In 2008 Rhyl West was measured as the most deprived ward in Wales, according to the Welsh Index of Multiple Deprivation. According to a 2002 article in The Guardian, "many guest houses on the west side of town where the posh people once lived have been converted into cheap bedsits, homes for locals and incomers united by poverty and sometimes drugs". In 2008 the town was earmarked for help with regeneration, from the Welsh Government. In October Rhyl West councillors Ian Armstrong and Joan Butterfield joined local MP, Chris Ruane, to paint out a notorious derelict shop sign which read "Rhyl's Biggest Receiver Of Stolen Goods". Men in the ward had the second lowest life expectancy at birth, 68.3 years, of any ward in England and Wales in 2016.

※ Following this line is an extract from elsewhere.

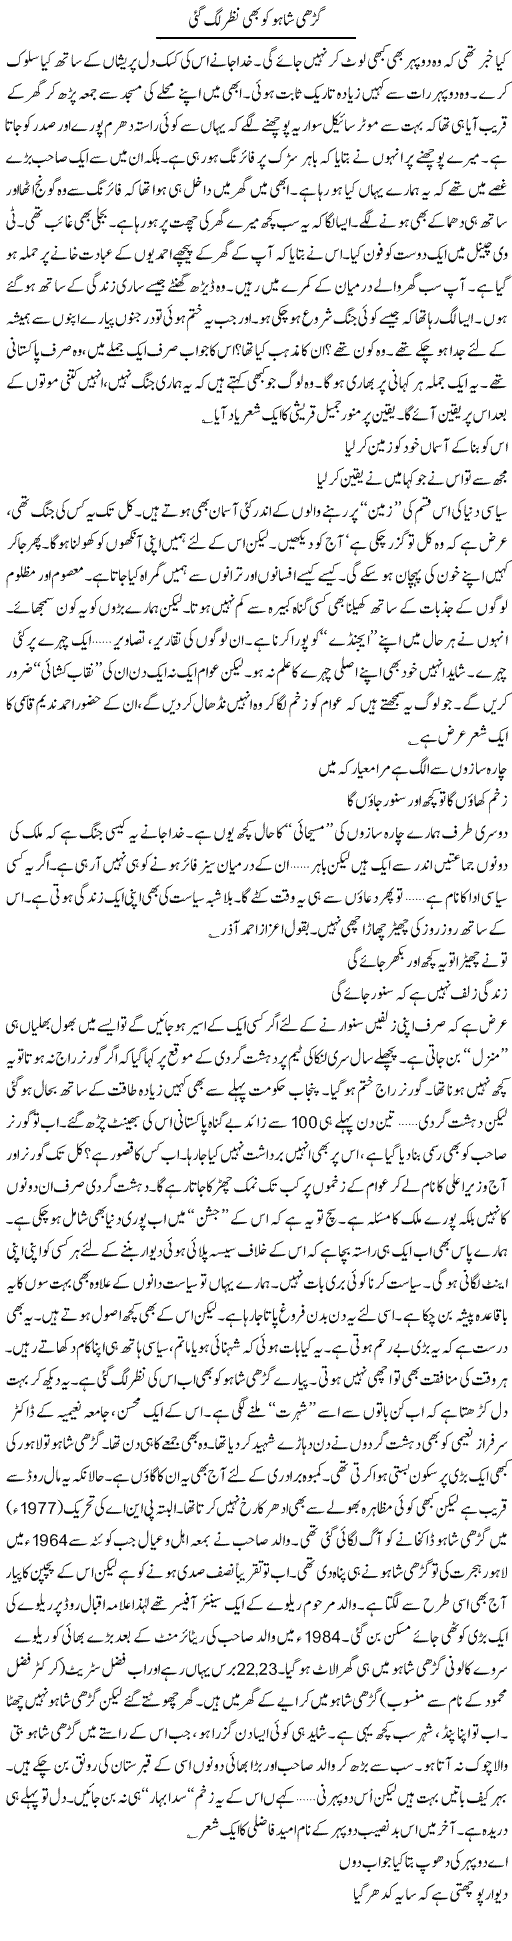 Garhi Shahu Express Column Ijaz Hafeez 31 May 2010

==County council elections==
The ward elects two county councillors to Denbighshire County Council and at the May 2017 and May 2022 elections both seats were won by Welsh Labour. The ward has consistently elected Labour councillors since 1995.

==Rhyl Town Council==
For elections to Rhyl Town Council the town is divided into nine community wards, with Rhyl West county ward being subdivided into two community wards, Foryd and Bodfor. Four of the twenty two town councillors are elected from the Foryd and Bodfor wards.